The talk is intended to introduce Apache Atlas and its capabilities to audience. It is also intended to invite potential developers to contribute to the Apache Atlas project.
Apache Atlas Project Introduction
Data Governance challenge and use case scenarios
Cross component lineage capability of Atlas
Apache Ranger integration to enforce tag based policies
Model Spark Dataframe as an Atlas type
Demo based on the above model
Invitation to contribute
More details on Order of presentation
Why Apache Atlas(What are the use cases)
Enterprises have 100s of ETL pipelines wherein developers take the source data, apply transformations and persist the result into the warehouse. Now, if an upstream pipeline breaks/fails, how does the owner of current dataset narrow down on the cause and culprit ETL pipeline. Further, if the current pipeline breaks, the owner has no mechanism to alert the owners of downstream processes. A tool which could keep track of the provenance/lineage/impact of a dataset would solve this issue. Atlas has the capability to track lineage of the datasets.

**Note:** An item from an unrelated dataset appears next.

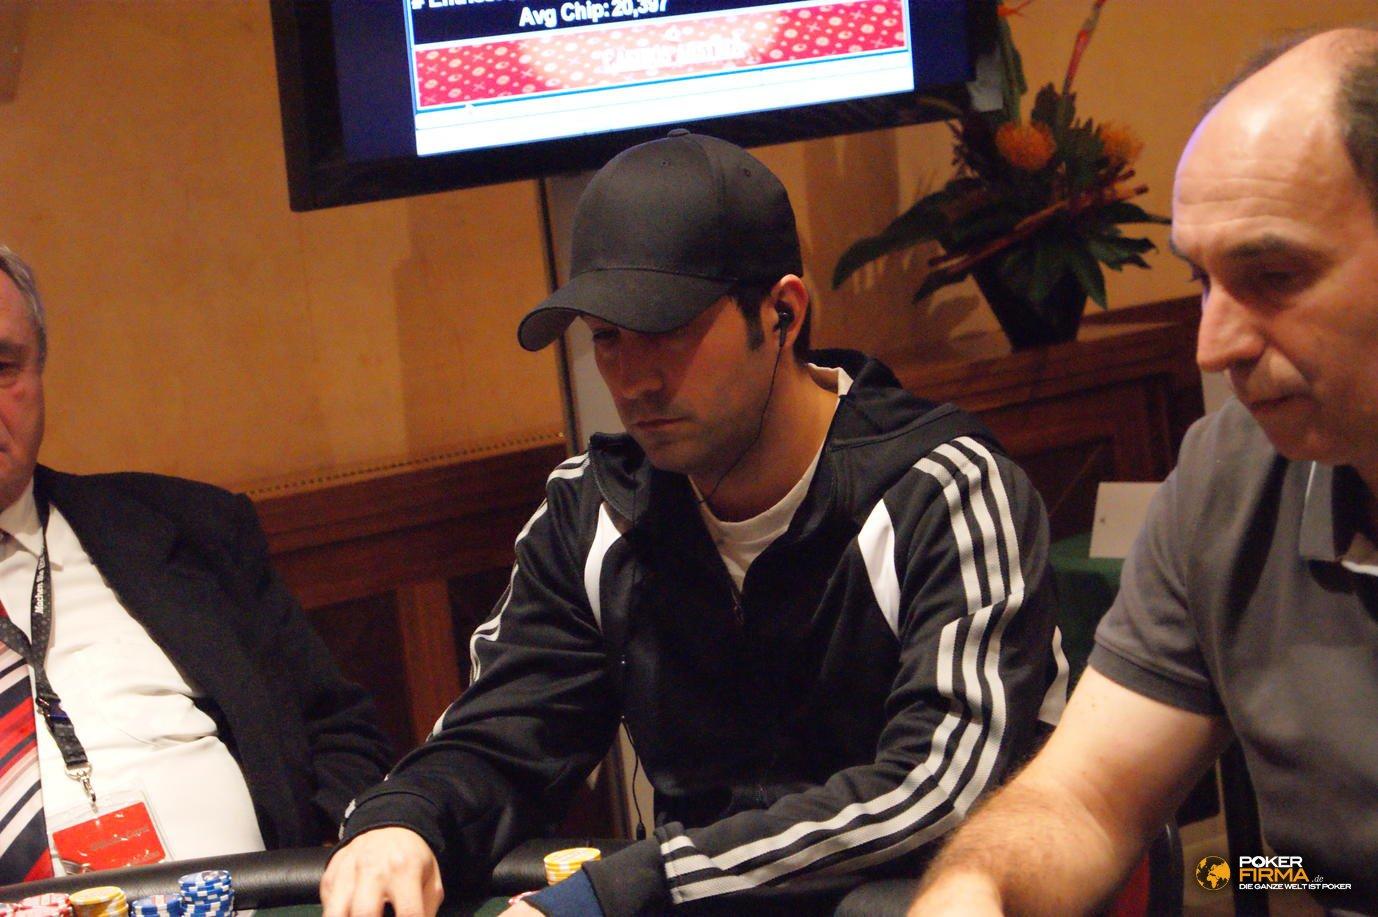 Poker_EM_2000_NLH_251011_Marco_Liesy

ETL redundancy is another striking issue in current enterprise Hadoop deployments. Many developers process data and persist it to the warehouse. They don’t have any mechanism to detect if the result they need is already computed and resides in a dataset. Using the lineage diagram and classification feature of Atlas, developers can look into the details of derived datasets and skip the expensive processing if the information is already available in one of the derived datasets.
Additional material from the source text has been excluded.